Hercules Kyvelos

Personal information
- Nickname: The God
- Nationality: Canadian
- Born: Hercules Kyvelos February 25, 1975 (age 51) Montreal, Quebec
- Height: 5 ft 10 in (180 cm)
- Weight: Middleweight Light Middleweight Welterweight

Boxing career
- Reach: 72 in (183 cm)
- Stance: Orthodox

Boxing record
- Total fights: 27
- Wins: 24
- Win by KO: 12
- Losses: 3
- Draws: 0
- No contests: 0

Medal record
Representing Canada
Pan American Games
| Bronze medal – third place | 1995 Mar del Plata | Welterweight |

= Hercules Kyvelos =

Canadian boxer

Hercules Kyvelos (born February 25, 1975) is a Canadian boxer in the Welterweight division and is the former Canadian Welterweight Champion. He fought at the 1996 Summer Olympics in Atlanta, Georgia.

==Early life==
Hercules was born in Canada but he has Greek roots.

==Amateur career==
He represented his native country at the 1996 Summer Olympics in Atlanta, Georgia. A year before, Kyvelos won the bronze medal at the 1995 Pan American Games in Mar del Plata, Argentina. He also twice won the National Canadian Golden Gloves.

==Pro career==
After the Atlanta Games he became a professional boxer, winning his debut against Ryan Jones by first-round knockout.

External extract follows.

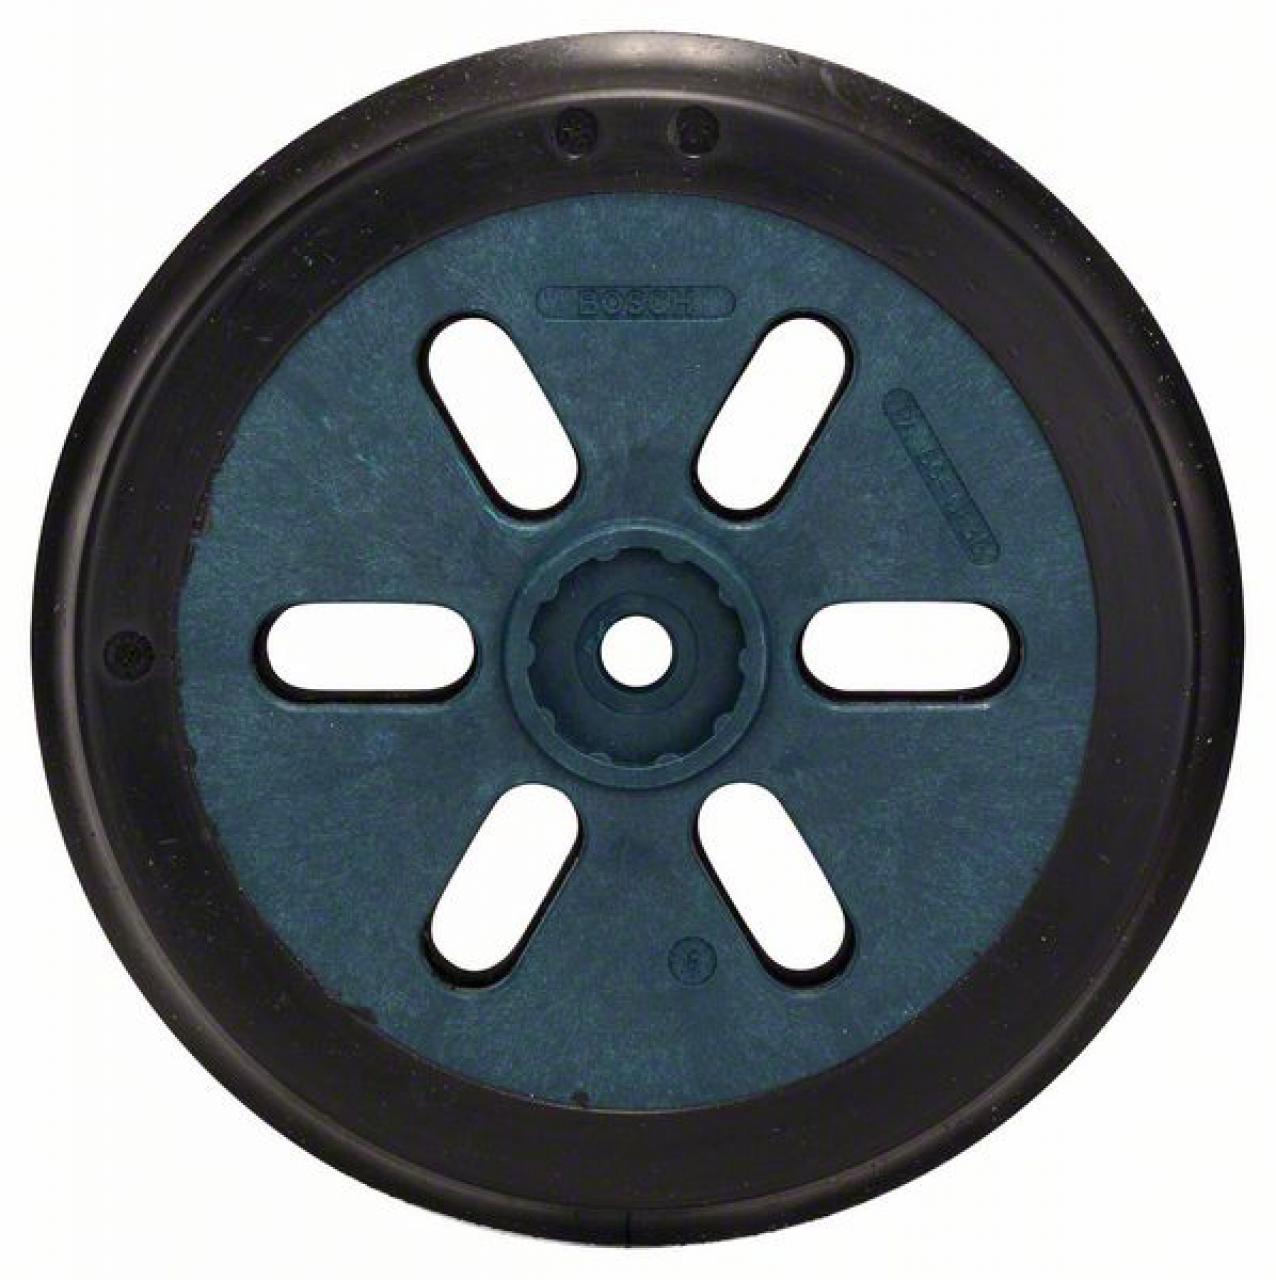 Bosch Polierfilz für Exzenterschleifer Klett hart 2er-Pack 160 mm

In February 2000, Hercules won the Canadian Welterweight Championship by defeating fellow countryman Fitz Vanderpool.

===WBO Welterweight Championship===
On January 31, 2004, Kyvelos lost for the first time as a professional, when he faced WBO Welterweight Champion, American Antonio Margarito in Phoenix, Arizona. He lost by a second-round knockout.

In his next fight he was also stopped by knockout against Mexican Cosme Rivera, the fight was an IBF Welterweight Title Eliminator.

===Personal life===
As of 2007, Hercules is retired from boxing and is working as a real estate agent in Montreal.